AI Coding Assistants Under Attack: “Slopsquatting” Malware Exploits AI Hallucinations for Supply Chain Compromise

A new threat has emerged in the realm of AI-assisted programming, known as “slopsquatting.” This attack has become particularly dangerous amid the surging popularity of AI coding assistants like Claude Code CLI, OpenAI Codex CLI, and Cursor AI—tools widely adopted by developers for automatic code generation and dependency suggestion.

Unlike the more familiar typosquatting attacks, which rely on user misspellings, slopsquatting exploits the hallucinations of AI models themselves. These systems may generate convincingly realistic, yet entirely fictitious, library names—such as “starlette-reverse-proxy.” These suggestions appear plausible and seamlessly integrated into the coding context, leading developers, particularly during rapid prototyping or so-called “vibe coding,” to skip manual verification.

Cybercriminals preemptively register these fabricated dependencies in public repositories like PyPI, embedding them with malicious payloads. When a developer, trusting the AI’s recommendation, installs such a package without scrutiny, the malware is surreptitiously introduced into their environment.

Even agents equipped with online validation mechanisms are susceptible to such errors. Tests across a hundred web development tasks revealed that large language models often hallucinate between two and four nonexistent packages per session, particularly in response to complex queries. Advanced logical models offer only partial improvements—and even then, not consistently.

Cursor AI, which leverages the Model Context Protocol (MCP) for real-time validation, demonstrated the lowest rate of false dependencies. However, it too faltered in edge cases involving cross-ecosystem name borrowing or syntactic manipulations of morphemes. These subtle missteps create exploitable openings for attackers.

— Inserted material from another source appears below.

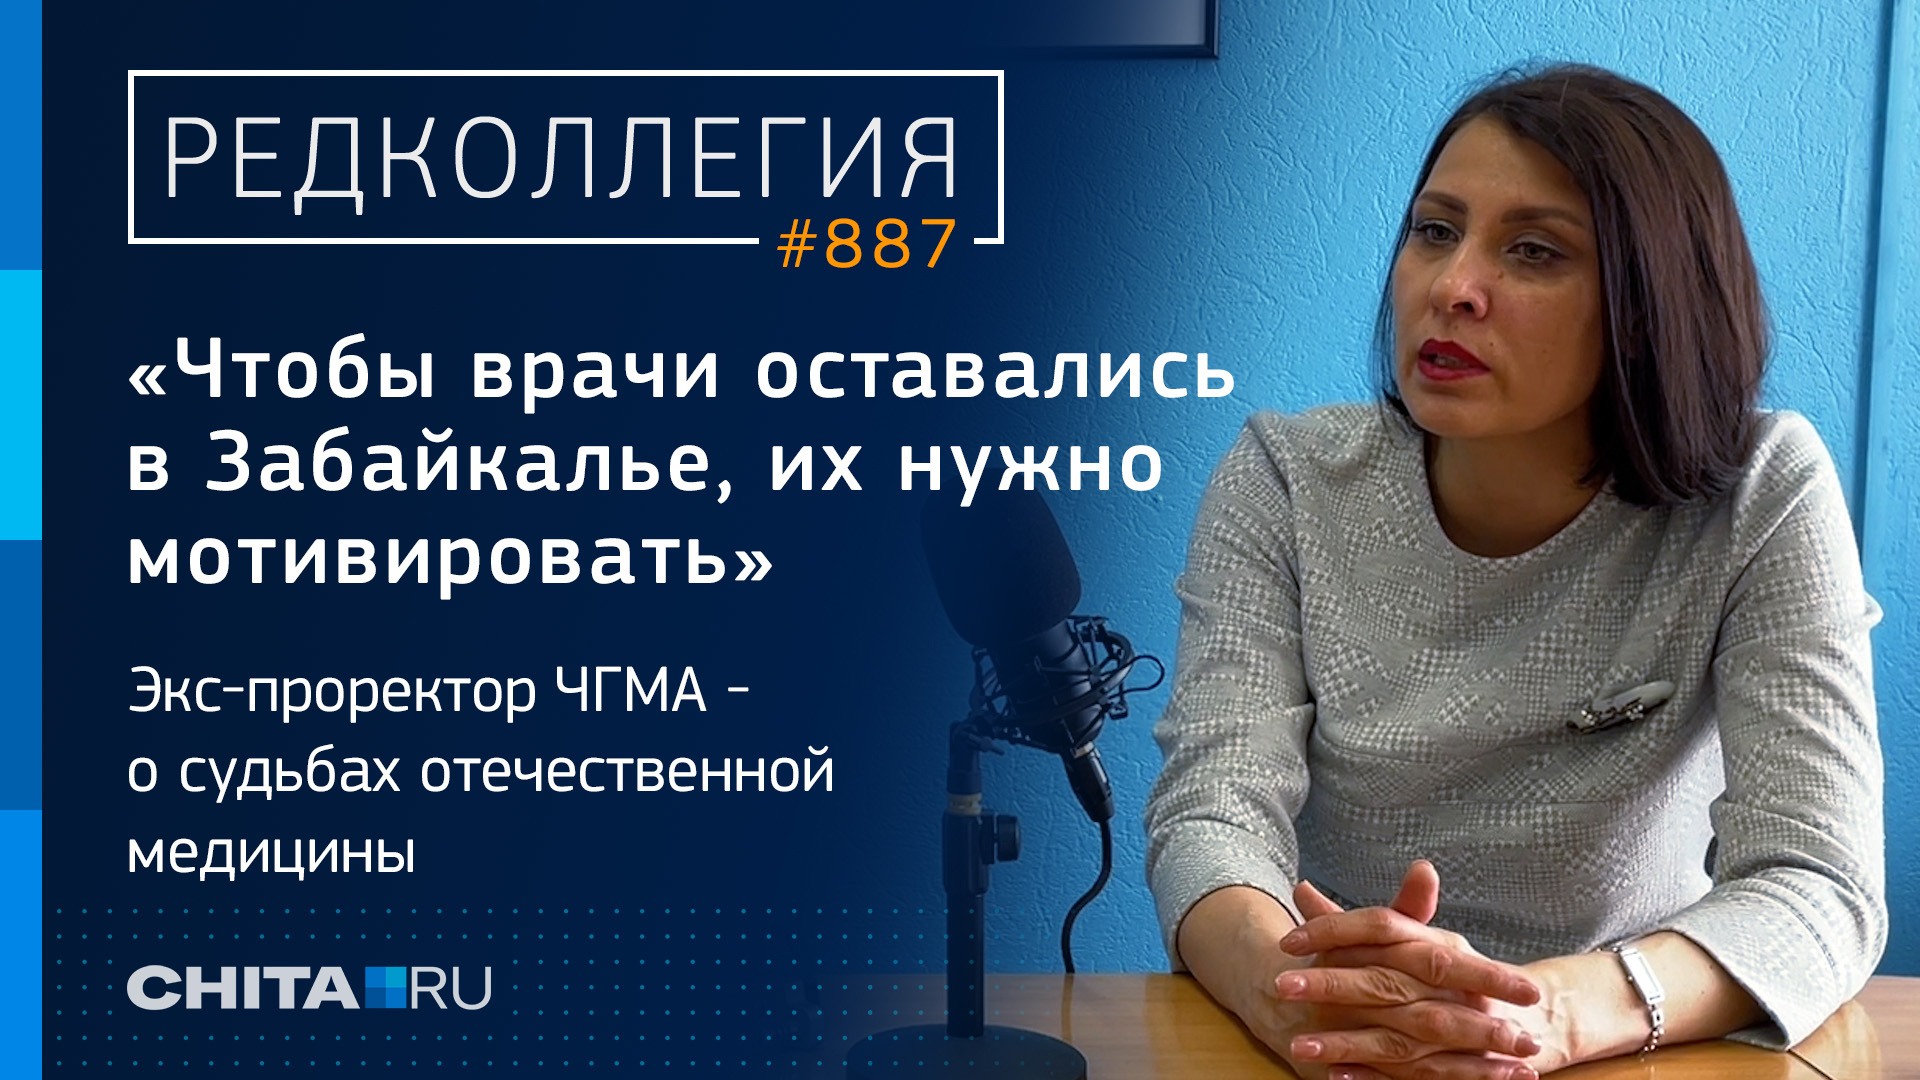 «Чтобы врачи оставались, их нужно мотивировать»: экс-проректор ЧГМА — о судьбе российской медицины

Conventional safety practices—such as checking for a package’s existence in a registry—are insufficient. Malicious actors can reserve plausible-looking names in advance and populate them with deceptive, harmful code. Combating slopsquatting demands a holistic and layered approach to security.

Organizations are advised to adopt cryptographically signed Software Bills of Materials (SBOMs) to trace the origin of all dependencies. Integrating vulnerability scanning tools—like OWASP dep-scan—into CI/CD pipelines can help detect threats prior to deployment.

Moreover, new dependencies should be installed within isolated environments, such as Docker containers or ephemeral virtual machines, with minimal external access. This allows for sandboxed testing, shielding core infrastructure from potential harm.

Additional safeguards include manual approval of unfamiliar dependencies, multi-step validation of AI-generated suggestions, execution monitoring, the use of immutable container base images, and comprehensive system logging of all actions.

AI assistants remain powerful assets, but their propensity for fabricating data necessitates constant oversight. The fusion of cutting-edge tools, stringent policies, and human vigilance is essential to mitigate risks and ensure the integrity of modern software development.